Expanded Explanation:
From an operator’s perspective, cost control is about guardrails, not individual heroics. Coder gives you two powerful guardrails that live entirely inside your infrastructure: resource quotas define the maximum blast radius; autostop ensures that even within that radius, you pay only for active work.
Onboarding speed stays high—developers still self-serve workspaces in seconds from your Terraform templates, choosing their IDE and OS while keeping code and data off local laptops.

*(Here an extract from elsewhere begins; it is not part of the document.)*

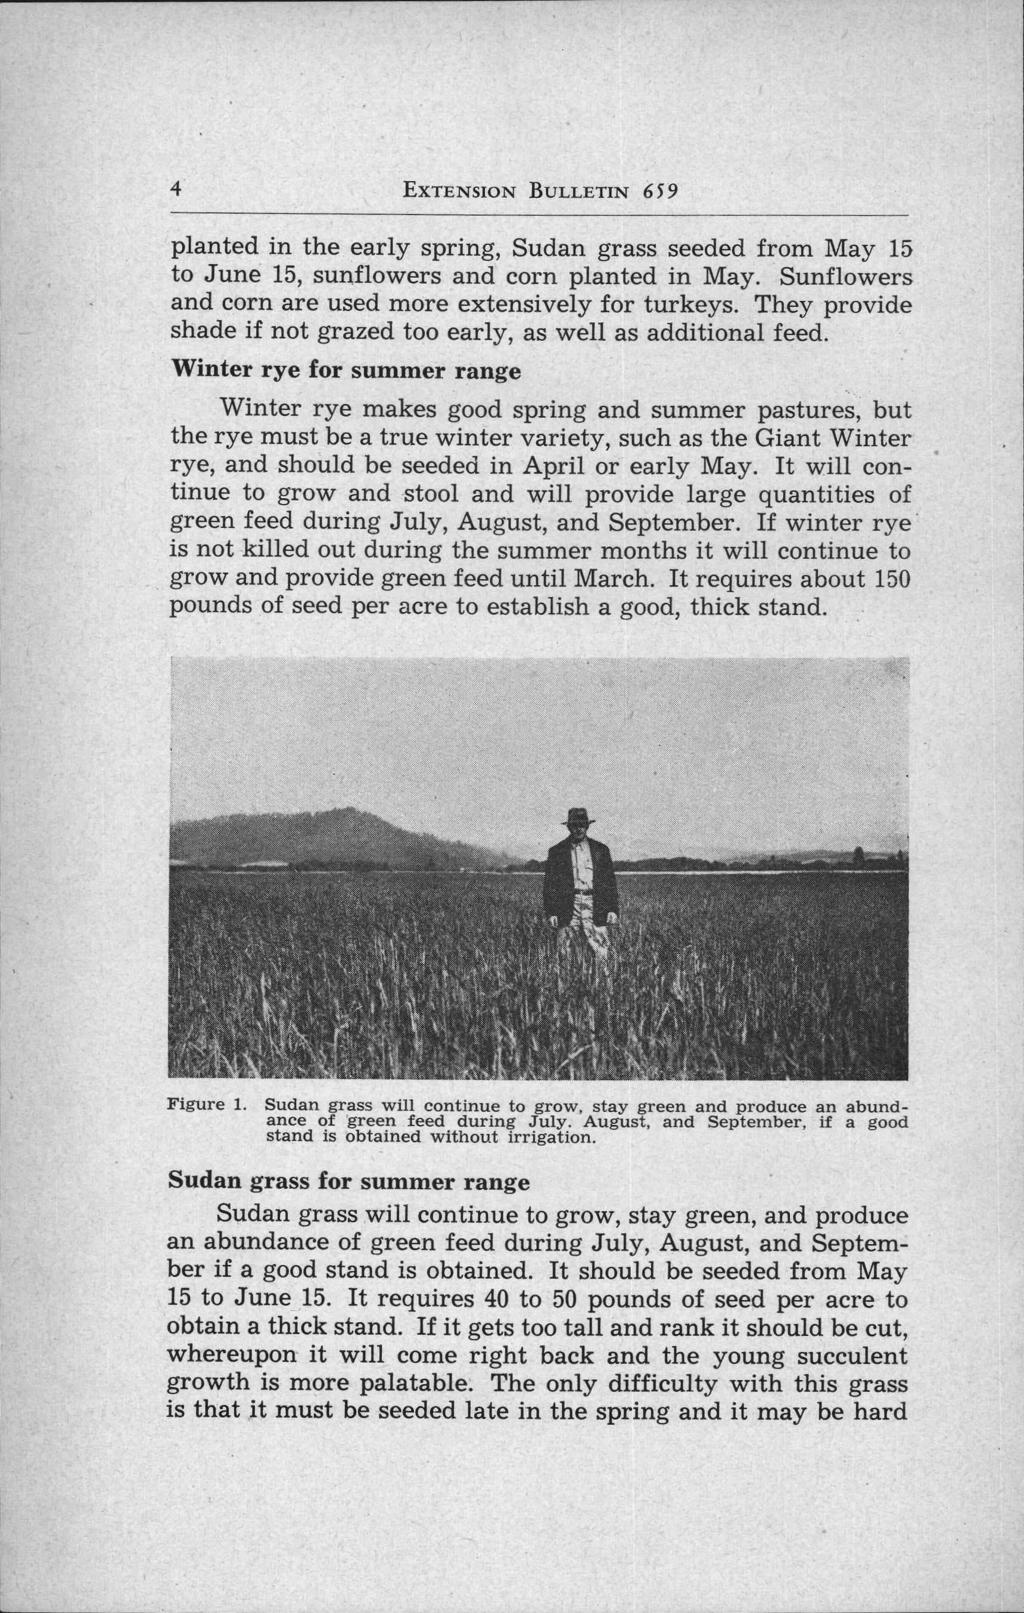 4 EXTENSION BULLETIN 659 planted in the early spring, Sudan grass seeded from May 15 to June 15, sunflowers and corn planted in May. Sunflowers and corn are used more extensively for turkeys.

Security and platform teams get centralized control through the coderd control plane, OIDC SSO, and RBAC, plus the ability to route audit logs into your SIEM. In regulated environments (including air-gapped and classified deployments), this means you can scale remote development and AI-assisted coding without blowing your budget or losing control of compute, access, or context.
Why It Matters:
- Predictable spend at scale
- Autostop removes silent idle waste.
- Quotas cap the maximum resource footprint per user, team, and template.
- Governed velocity
- Developers gain fast, reproducible workspaces with their preferred tools.
- Platform and security teams retain full ownership over where workspaces run, how big they are, and how long they stay on.
Quick Recap
Coder runs as a self-hosted, open source remote development control plane on your infrastructure, not as a SaaS. To control dev compute costs, you configure two things as code: autostop (to shut down idle workspaces automatically) and resource quotas (to limit CPU, RAM, GPU, and workspace counts). You express both in Terraform-backed templates and org policies, then let developers and AI coding agents self-serve governed workspaces in seconds. The outcome is faster onboarding, less “works on my machine” drift, and a cloud bill that tracks real usage instead of idle capacity.